Full activation within 4 hours; regulatory notification within 24 hours if applicable

Trigger

Site loss, full platform failure, mass absence event (30%+), civil emergency

Agent impact

50%+ of rostered agents unavailable; site cannot be used

Declared by

Head of Operations or Director

WFM response

Full WFH or alternative site activation. All non-essential contacts deflected to IVR/digital. MVO staffing deployed. Senior management and comms team engaged. Regulatory notification where required (FCA, Ofcom).

Work-from-home failover

Post-2020, WFH capability is the primary BCP mitigation for most contact centres. It eliminates site-dependency risk and provides staffing continuity during site loss events. But WFH failover only works if it is tested and pre-provisioned:

WFH BCP activation checklist

Pre-provisioning (done before any incident)

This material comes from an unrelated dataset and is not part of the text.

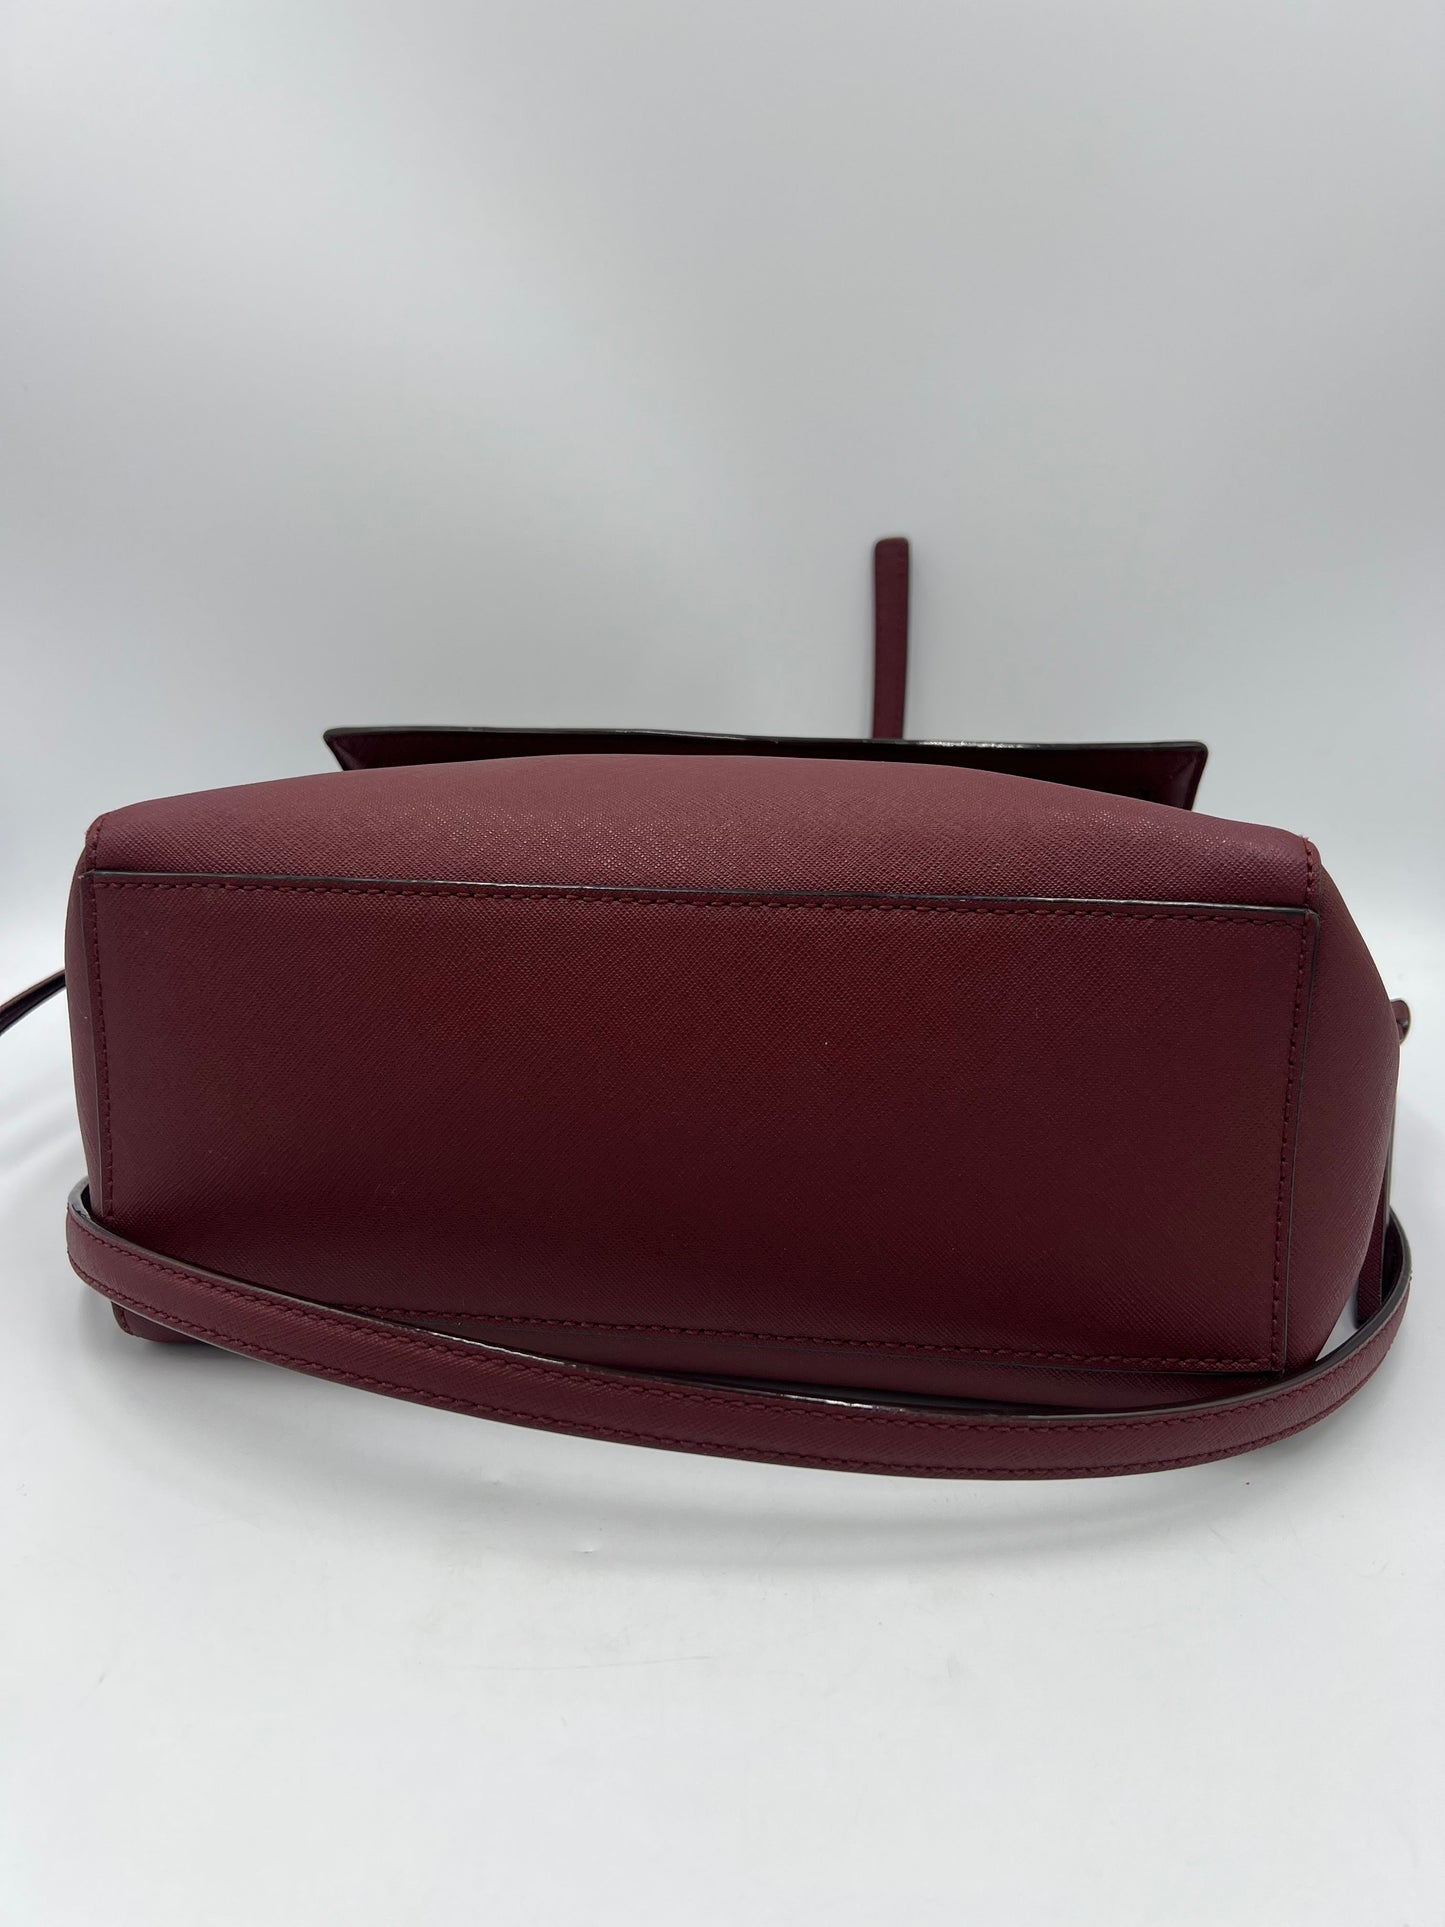 Handbag Designer By Kate Spade

✓All agents have a tested home working setup (headset, laptop/thin client, sufficient broadband)
✓PSTN/SIP softphone configuration tested from home network
✓WFH tech access confirmed for each agent: CRM, WFM adherence, telephony, wrap/ACW
✓Security controls confirmed: VPN or ZTNA, no call recording gaps, PCI DSS pause-and-resume functional from home
✓Tested at least annually — untested WFH capability should be treated as unavailable for BCP purposes

Activation steps (during incident)

✓Declare tier level and notify agents via out-of-band communication (SMS/WhatsApp, not email or Teams on the affected system)
✓Route telephony to WFH-capable agents via ACD re-routing or DDI transfer
✓Confirm agent-by-agent connectivity — do not assume 100% WFH yield; plan for 75–85% actual availability
✓Update WFM schedule to reflect WFH-capable vs. unavailable agents
✓Set modified service level targets and communicate to stakeholders
✓Define duration: hours vs. days vs. extended — triggers different staffing and equipment decisions

Plan for 75–85% WFH yield, not 100%. In a real activation, some agents will have broadband issues, equipment failures, or personal circumstances preventing WFH. Building a WFH BCP that assumes 100% conversion from site to home is systematically over-optimistic. Use 80% as the planning assumption unless empirically validated otherwise.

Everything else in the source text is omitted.